The new job didn't last - and I couldn't find steady work for months. I had to borrow from my parents to pay rent. I got sick, with no health insurance, and had to charge $600 worth of care and drugs to my credit card. My mother's health insurance wasn't sufficient to buy her competent care: she died of lung cancer, undiagnosed, after being treated all winter for recurring "sinus infections" and a suspected heart attack. I went back to school. Then I ran out of money and left school and the city I loved to move back home with my dad.
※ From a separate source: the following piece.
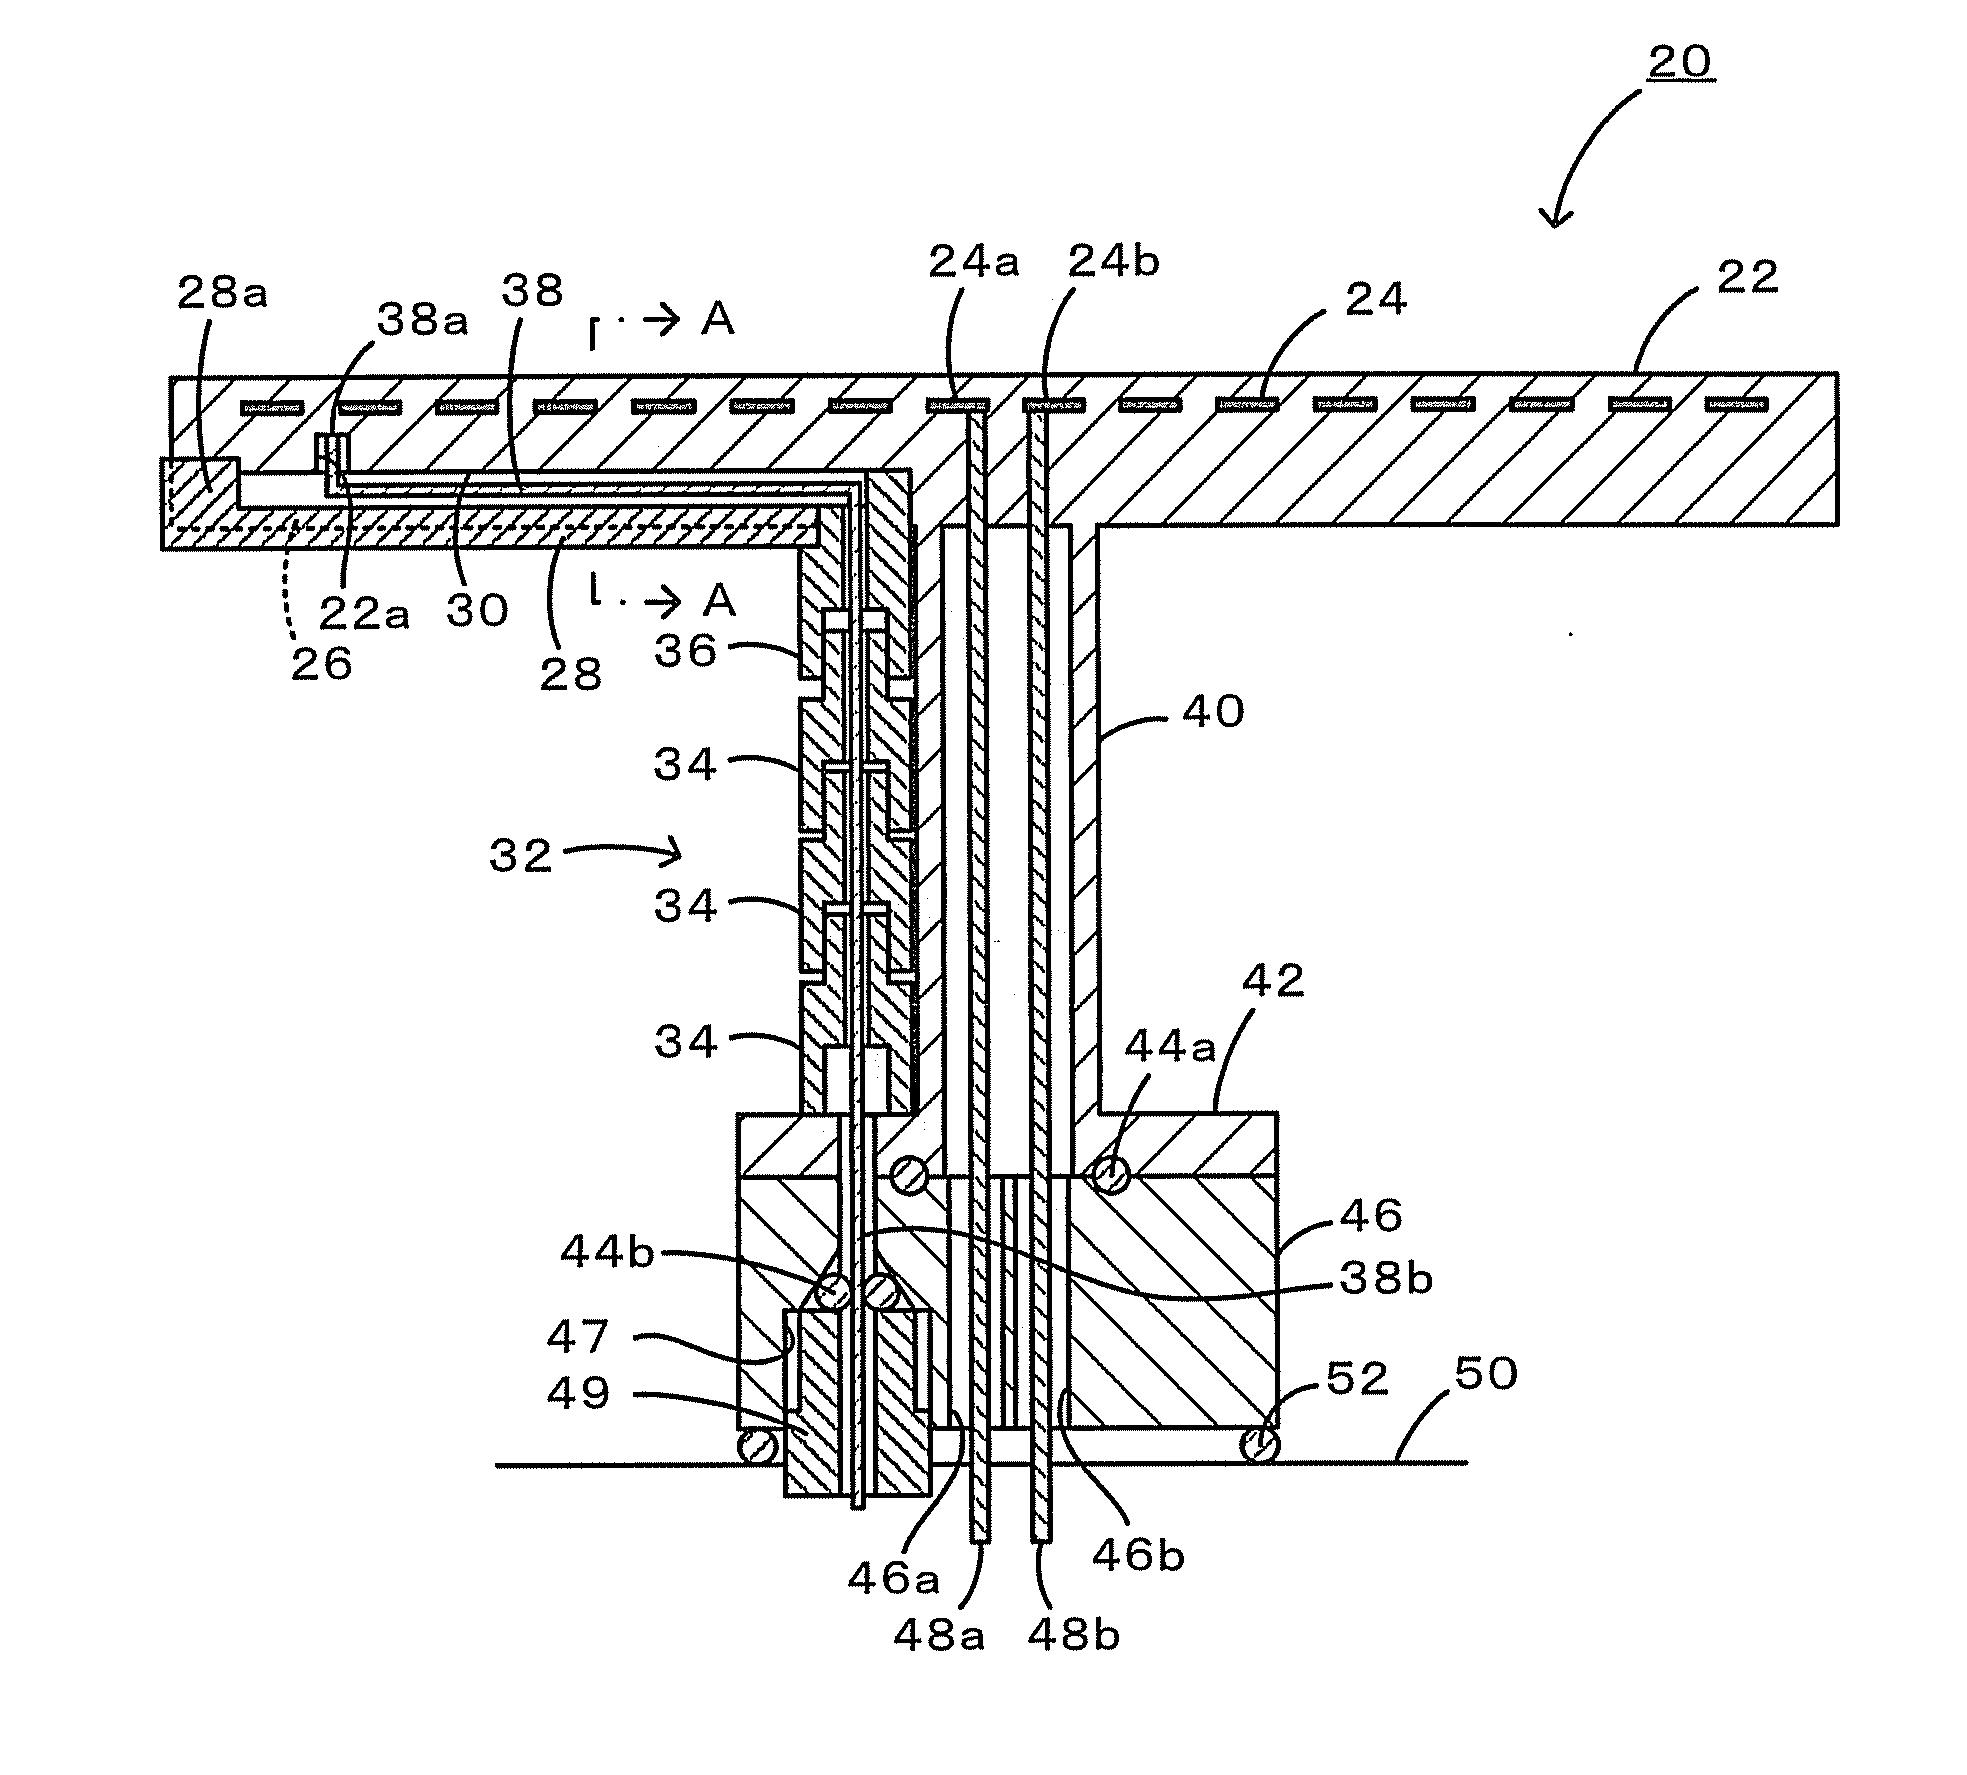 king baseboard thermostat wiring diagram baseboard water

And now it's come `round again, a third year - and I'm hip-deep in politics. Because my friend's prediction can't come true, it just can't. I've suffered under the Bush regime, but I'm not the only one who has suffered, and many more have suffered a great deal more than I have. We can't just ask ourselves "Are you better off than you were four years ago?" because that isn't enough. We've got to go back to caring about each other, the way we did for a couple of weeks in 2001 and said even then, wouldn't it be nice if people behaved this way all the time? We've got to become a nation that cares for all its people - not just the richest or the whitest or the loudest ones. We've got to become a nation that cares about its government and what its government is doing. And to do that, we've got to become a people who participates in government and believes in it. We've got to keep fighting and talking and writing and voting, and never give up, never start thinking that we can't make a difference - because if we do that, if we recuse ourselves from participating in our government, then we leave the neocons and the terrorists to duke it out among themselves. And who knows who'll win? Will it really matter?
So, let's let September 11 be the day we vow never to give up the quest to make our nation into something we can be proud of again.
If I am not for myself, who's for me? If I'm for myself alone, what am I? If not now, when? If not us, who?